Events
CUHK LAW CLINDS’s 23rd LegalTech Seminar – ‘Using ChatGPT: Prompt Engineering for Lawyers’ by Dr. Eliza Mik (Online)
6 Feb 2024
12:30 pm – 2:00 pm
Online (Zoom)
Dr Eliza Mik teaches Legal Technologies, E-Commerce Law and Contract Law at the Faculty of Law, Chinese University of Hong Kong. Her research interests focus on the legal aspects of transaction automation. Before joining academia, she worked in-house for a number of software and telecommunications companies in Australia, Poland, Malaysia and the United Arab Emirates, advising on technology procurement and e-commerce regulation. Eliza has also advised the World Bank and the Monetary Authority of Singapore. At present, she is a member of the UNCITRAL Expert Group for the Digital Economy, a member of the Inclusive Global Legal Innovation Platform on ODR (Hong Kong), a Research Associate at the Tilburg Institute for Law, Society and Technology and an Affiliate Researcher with the Centre for AI and Digital Ethics at the University of Melbourne. She is presently involved in two research projects, one on the feasibility of data-driven approaches in LegalTech and one on the legal responses to smart contracts.
The unprecedented popularity of Large Language Models, or “LLMs” is often attributed to the introduction of ChatGPT, which enables non-technical users to directly interact with the model by means of a simple conversational interface and to observe the generation of responses in real time. This conversational interface requires users to input a certain amount of text, referred to as a prompt. Prompts often contain task-specific instructions or context that the model needs to generate an appropriate output. Although prompts are written in natural language and thus appear easy to create, crafting effective and generalizable prompt strategies is challenging. LLMs do not understand text in the same way as humans and will generate dramatically different output depending on small variations in semantically equivalent prompts. To leverage the incredible capabilities of LLMs, users must know how to “talk to computers” and how to give precise instructions. As prompts must be formulated, evaluated, and refined with great care, it is increasingly common to speak of “prompt engineering. This seminar will introduce the basics of prompt engineering from the perspective of the tasks commonly performed by lawyers. More specifically, the seminar will introduce the main prompting techniques as well as the basic cost implications of prompting LLMs with larger amounts of text.

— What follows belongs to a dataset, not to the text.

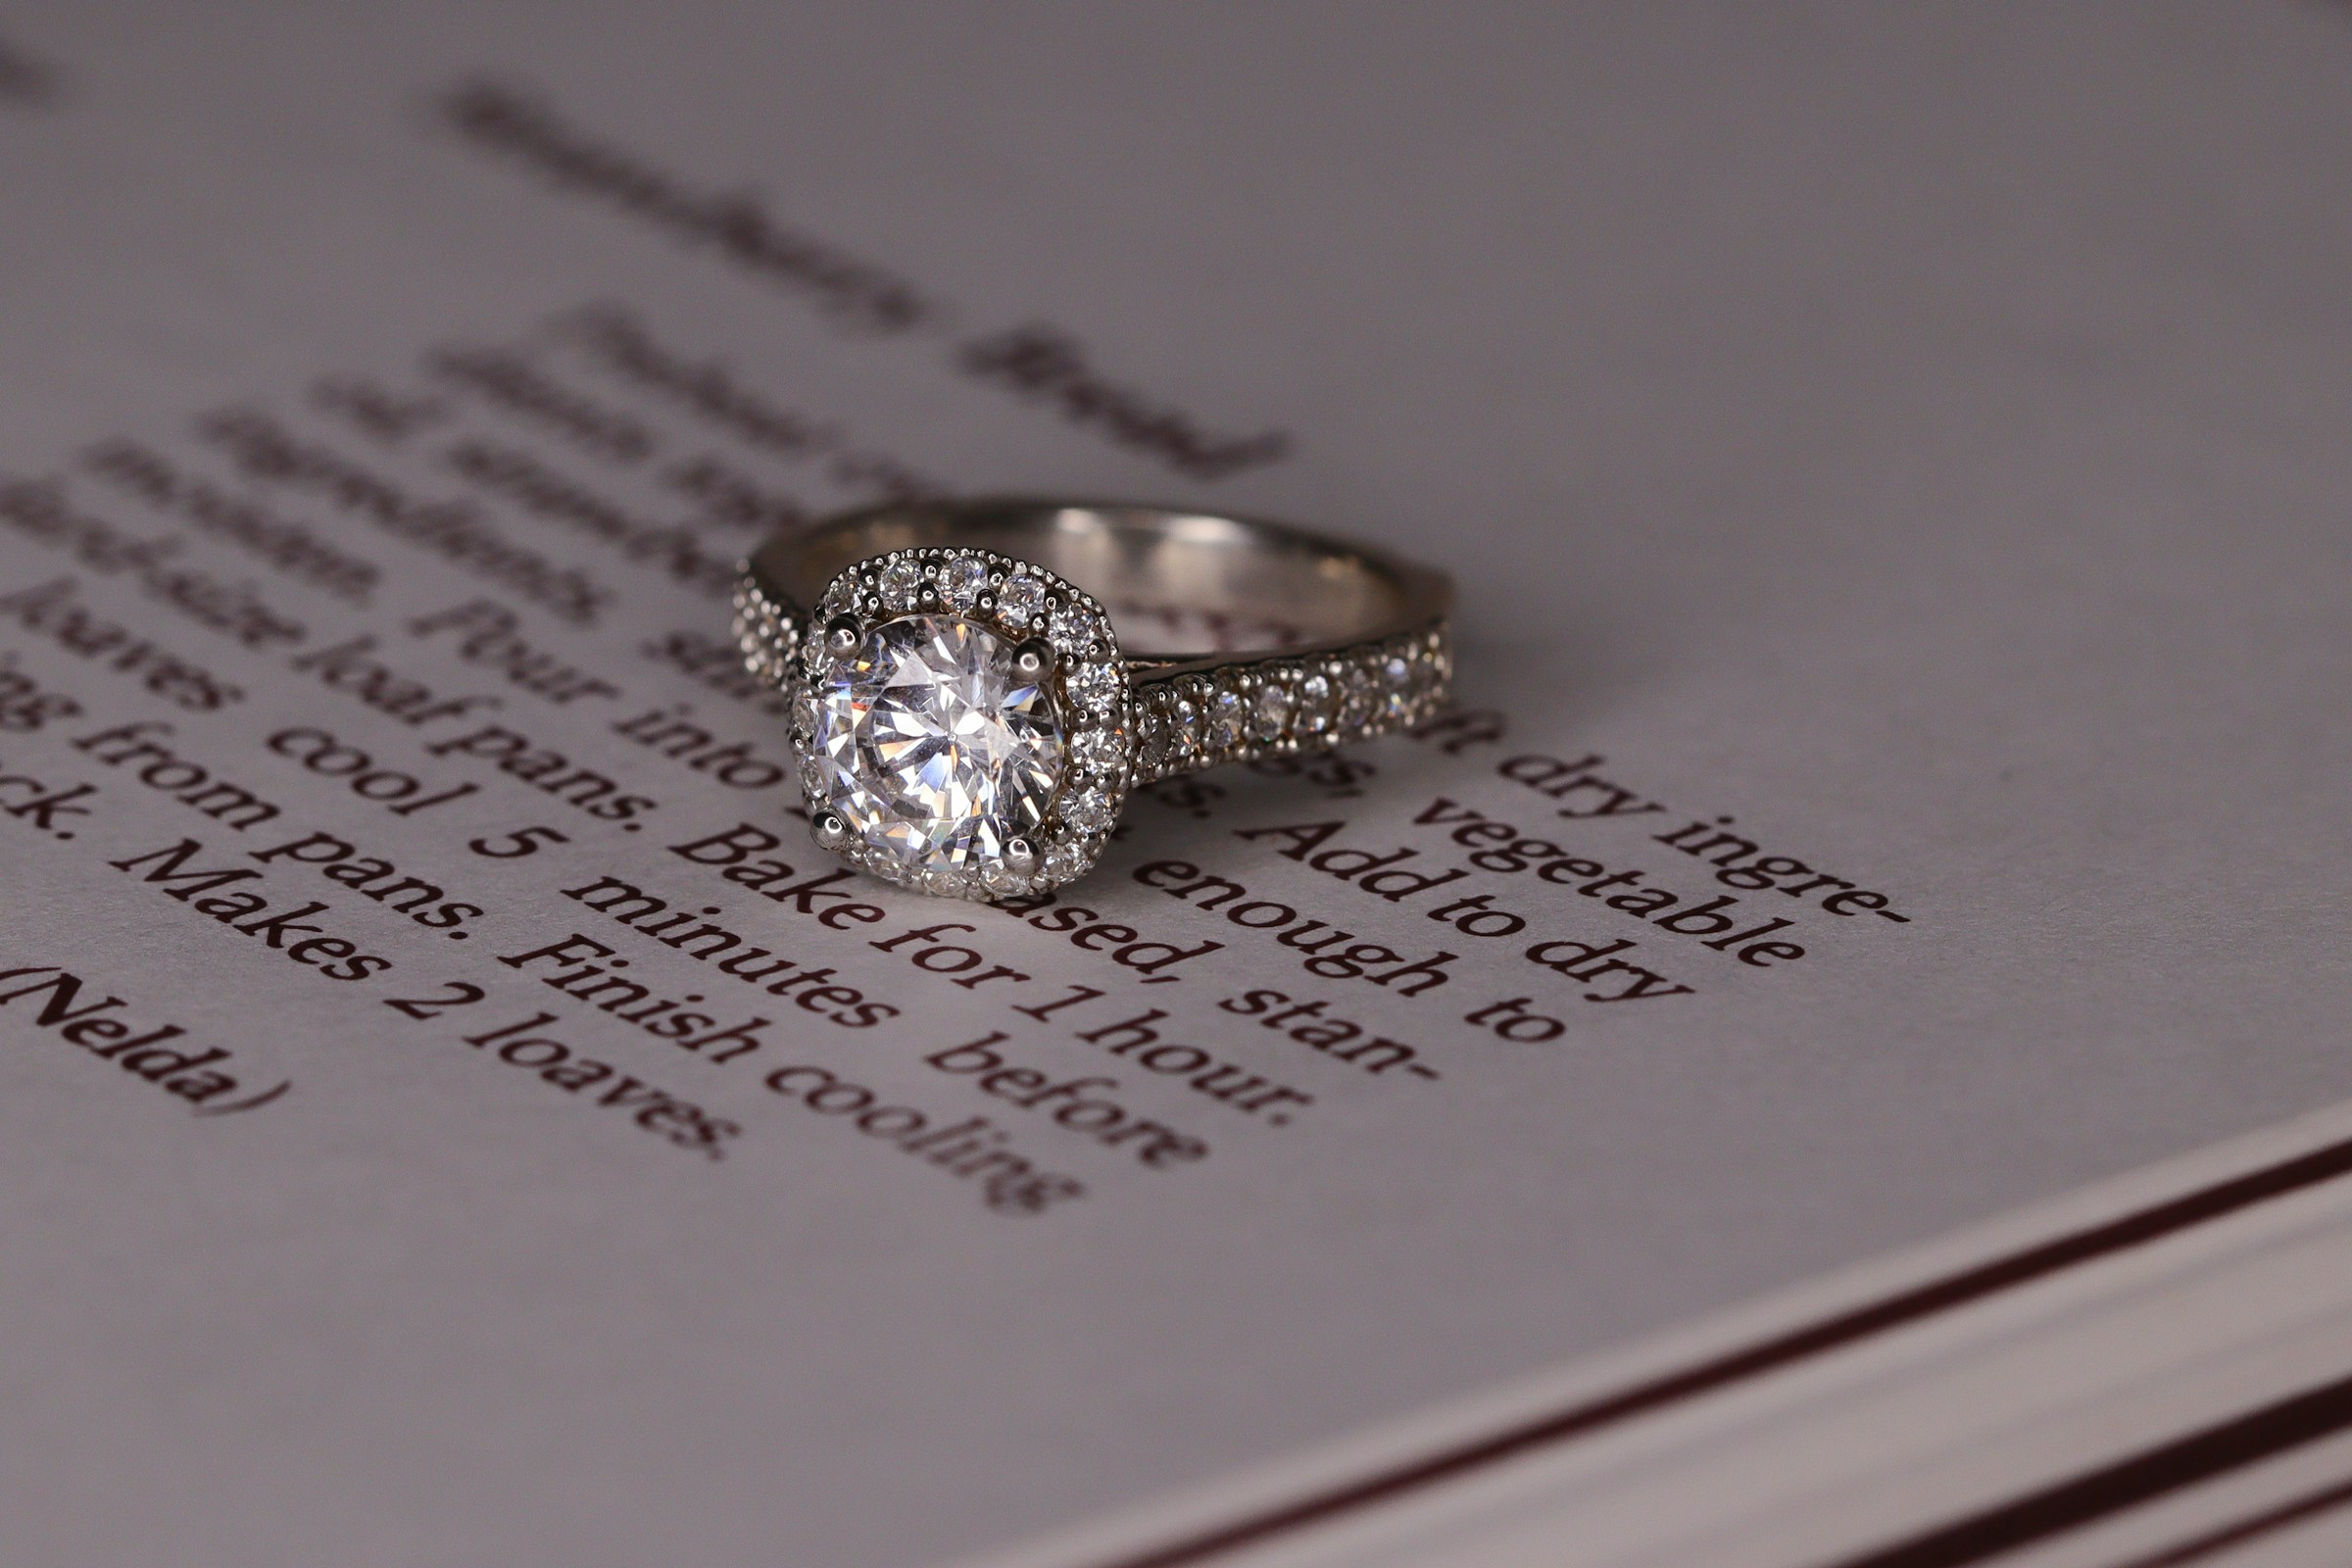 A white gold halo-style diamond engagement ring on a book | Source: Unsplash

The following questions are addressed:
- What is prompt engineering? How does it differ from fine-tuning?
- What are the basic prompt engineering techniques?
- What are the current technical limitations of prompting techniques?
- How to write effective prompts for the performance of legal tasks?
- From token limits to context window – how do we calculate the costs of prompt engineering?
Language: English
The Law Society of Hong Kong has awarded this seminar 1.5 Continuing Professional Development (CPD) points.